White House Supports USA Freedom Act, with Bates-Clapper Caveats about Amicus
The White House has come out with an enthusiastic statement supporting USA Freedom Act.
The Administration strongly supports Senate passage of S. 2685, the USA FREEDOM Act. In January, the President called on Congress to enact important changes to the Foreign Intelligence Surveillance Act (FISA) that would keep our Nation safe, while enhancing privacy and better safeguarding our civil liberties. This past spring, a broad bipartisan majority of the House passed a bill that answered the President’s call. S. 2685 carefully builds on the good work done in the House and has won the support of privacy and civil liberties advocates and the private sector, including significant members of the technology community. As the Attorney General and the Director of National Intelligence stated in a letter dated September 2, 2014, the bill is a reasonable compromise that enhances privacy and civil liberties and increases transparency.
The bill strengthens the FISA’s privacy and civil liberties protections, while preserving essential authorities that our intelligence and law enforcement professionals need.
It says the bill ends bulk collection which might be a useful record if the President used a definition besides “without any discriminator,” but that is what he is on the record as meaning by “bulk.”
The bill would prohibit bulk collection through the use of Section 215, FISA pen registers, and National Security Letters while maintaining critical authorities to conduct more targeted collection. The Attorney General and the Director of National Intelligence have indicated that the bill will retain the essential operational capabilities of the existing bulk telephone metadata program while eliminating bulk collection, based on communications providers’ existing practices.
Perhaps the most troubling part of Obama’s statement, however, is its endorsement of John Bates’ language about the amicus as echoed by James Clapper and Eric Holder, which among other things said that the amicus could not be required to represent the interests of civil liberties and privacy.
The bill also authorizes an independent voice in significant cases before the Foreign Intelligence Surveillance Court (FISC) — the Administration is aware of the concerns with regard to this issue, as outlined in the letter from the Attorney General and the Director of National Intelligence, and the Administration anticipates that Congress will address those concerns. Finally, the bill will enhance transparency by expanding the amount of information providers can disclose and increasing public reporting requirements.
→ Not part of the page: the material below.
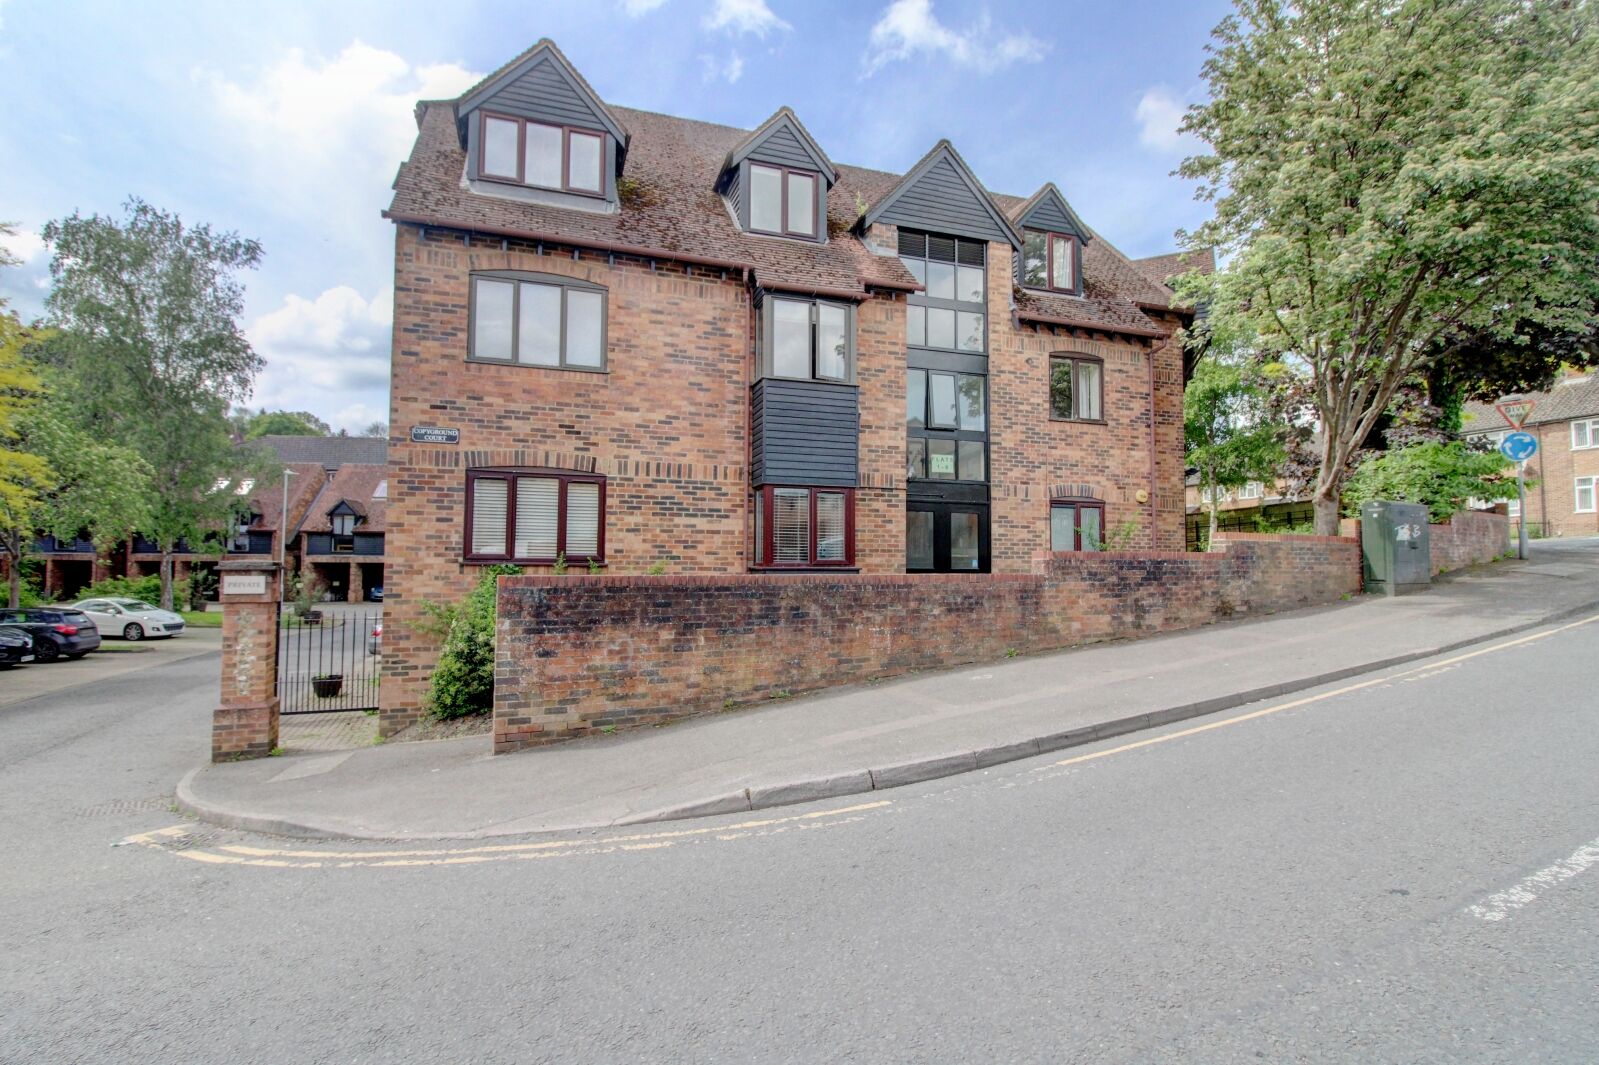 2 bedroom  flat for sale Copyground Lane, High Wycombe, HP12, main image

In sum, this legislation will help strengthen Americans’ confidence in the Government’s use of these important national security authorities. Without passage of this bill, critical authorities that are appropriately reformed in this legislation could expire next summer. The Administration urges Congress to take action on this legislation now, since delay may subject these important national security authorities to brinksmanship and uncertainty. The Administration urges the Senate to pass the USA FREEDOM Act and for the House to act expeditiously so that the President can sign legislation into law this year. [my emphasis]
As I said here, the designed impotence of the amicus is not a reason to oppose the bill; it’s just a reason to expect to have to wait 9 years before it becomes functional, as happened with PCLOB. Still, it is very very troubling that given all the evidence that the Executive has been abusing the process of the FISC for a decade, the Executive is moving to ensure they’ll still be able to do so.